▶ _How to complete this task_
Among the entries below, one stretch runs from the line that contains "Galería de Arte" through the line that contains "Paris Love Necklace". Repeat that stretch exactly, ends included, and only that.

Data listing START

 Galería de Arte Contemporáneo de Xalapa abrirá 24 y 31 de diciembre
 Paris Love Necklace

Data listing END
Data listing START

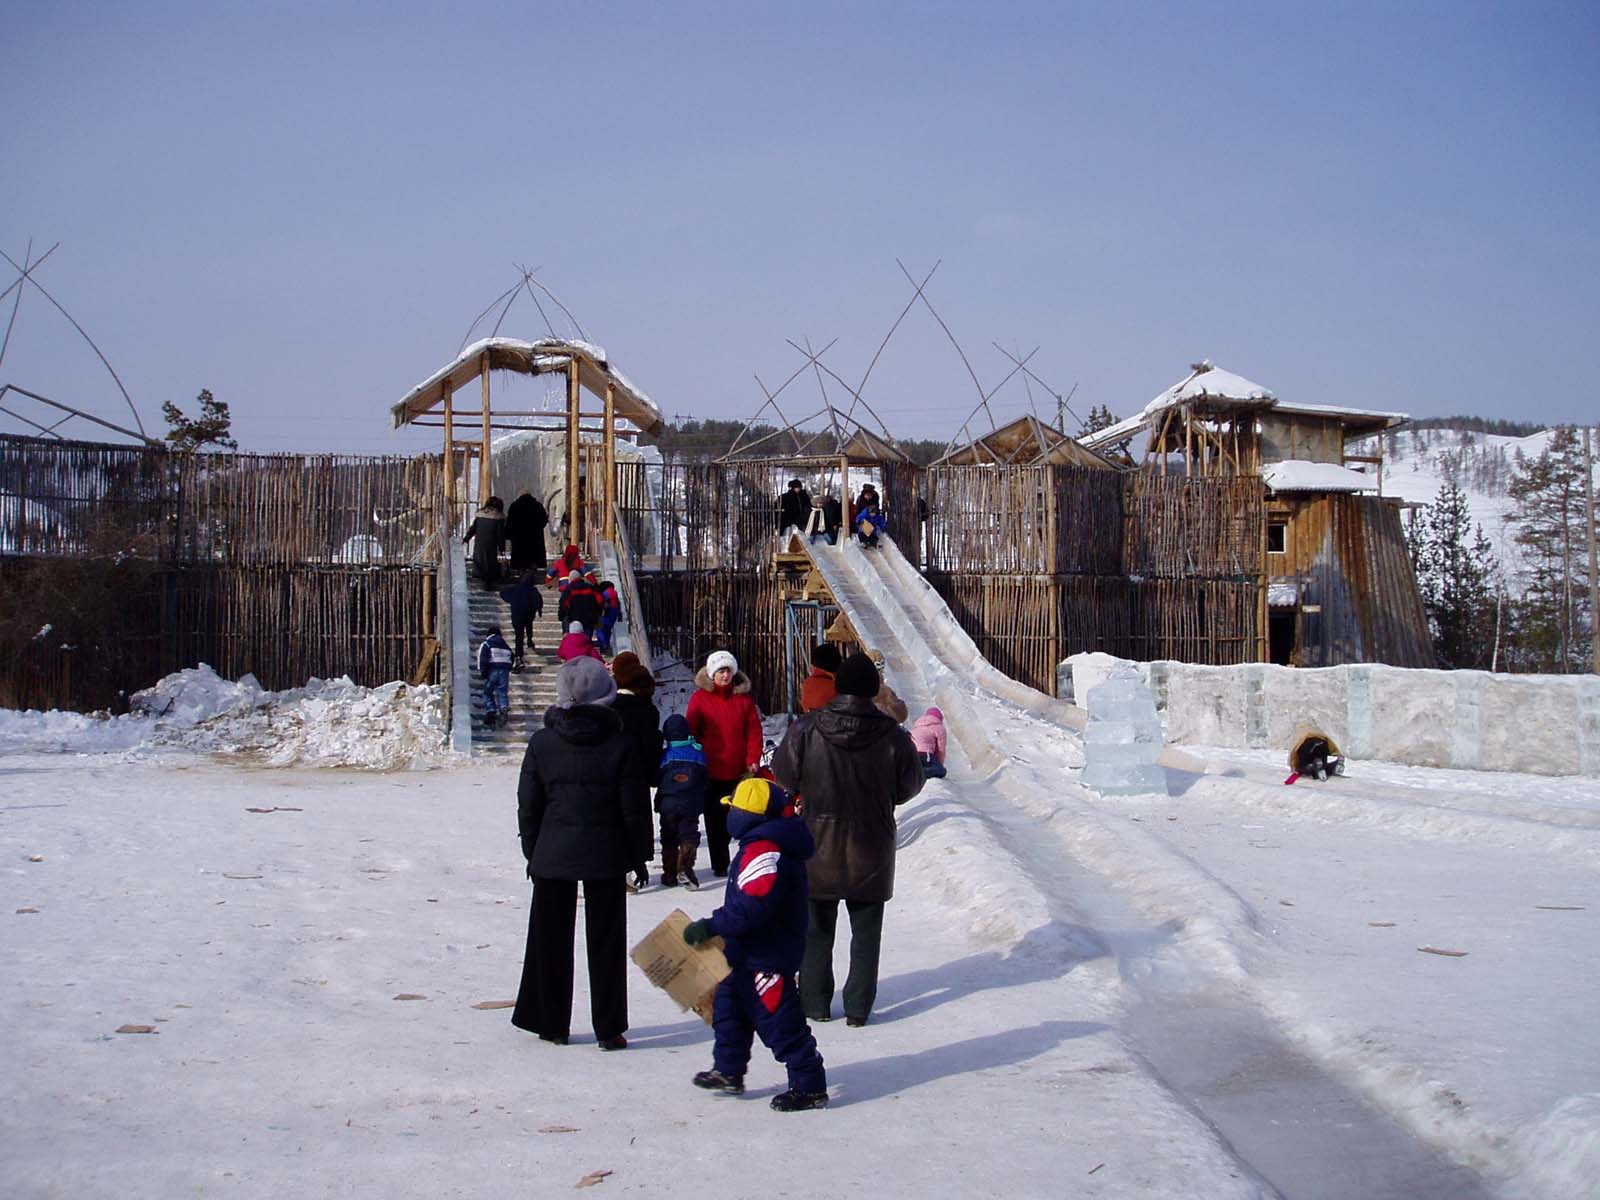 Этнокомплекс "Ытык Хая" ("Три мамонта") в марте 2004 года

Data listing END
Data listing START

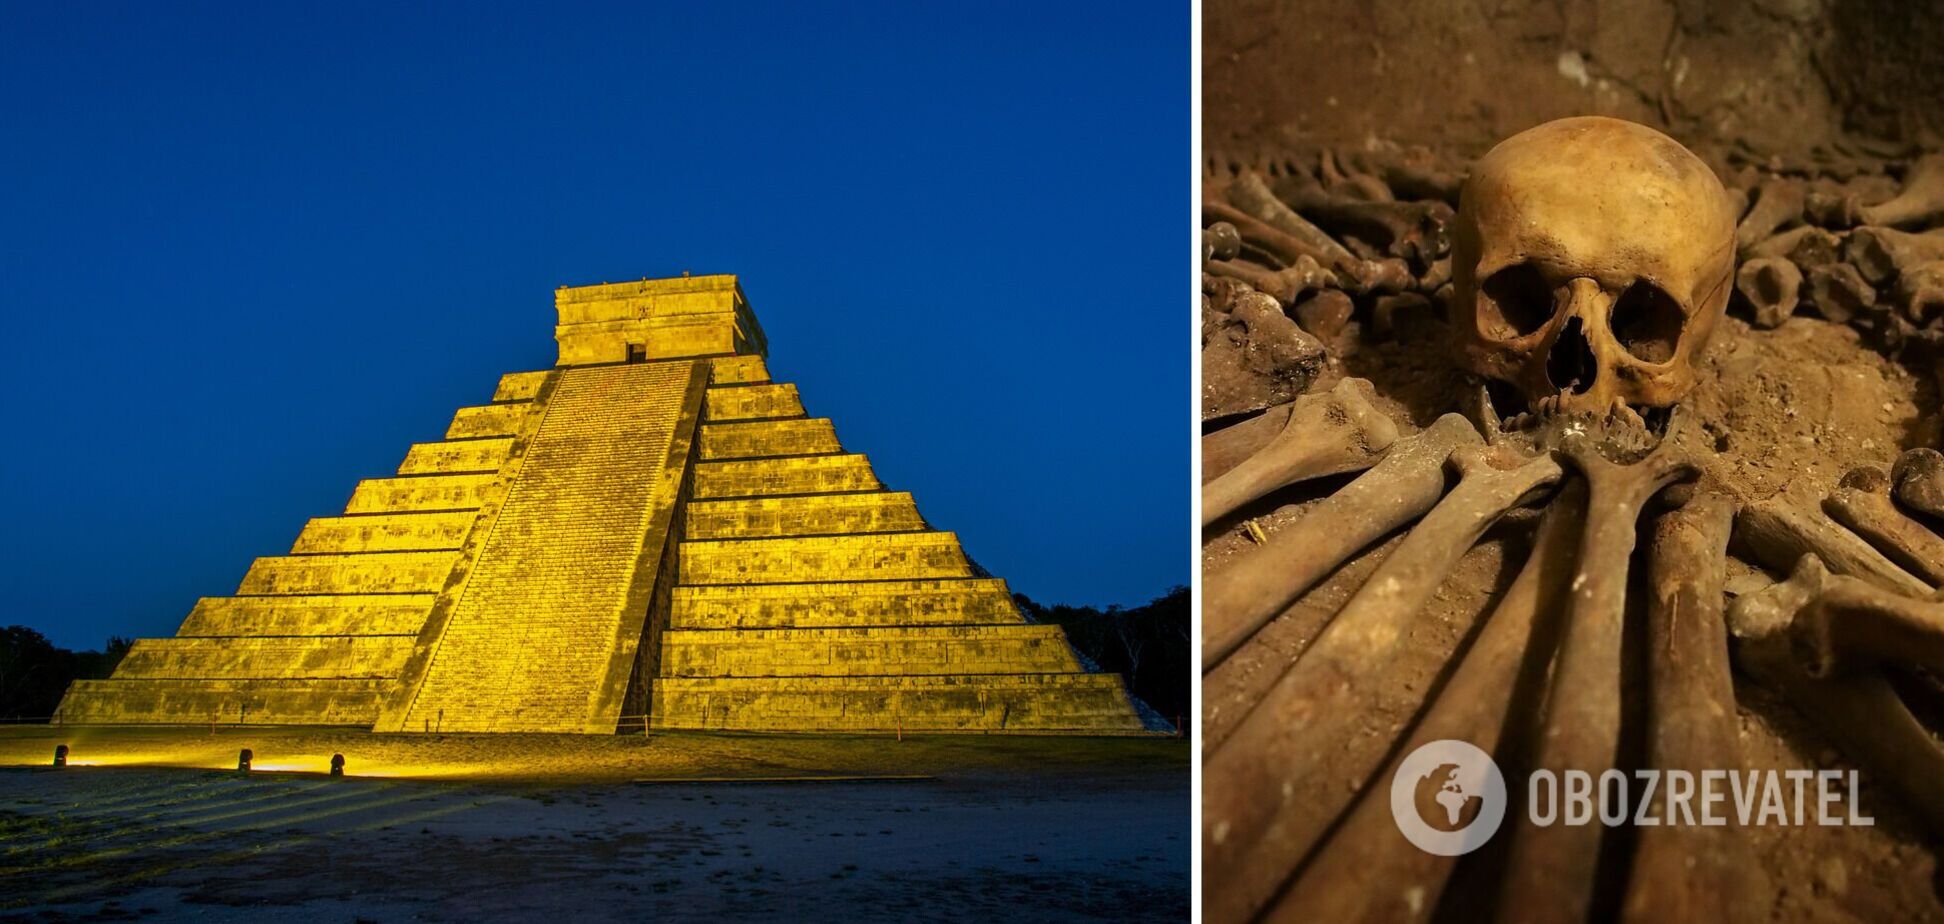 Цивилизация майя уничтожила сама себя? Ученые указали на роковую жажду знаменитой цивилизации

Data listing END

▶ _Result of this task_
 Galería de Arte Contemporáneo de Xalapa abrirá 24 y 31 de diciembre
 Paris Love Necklace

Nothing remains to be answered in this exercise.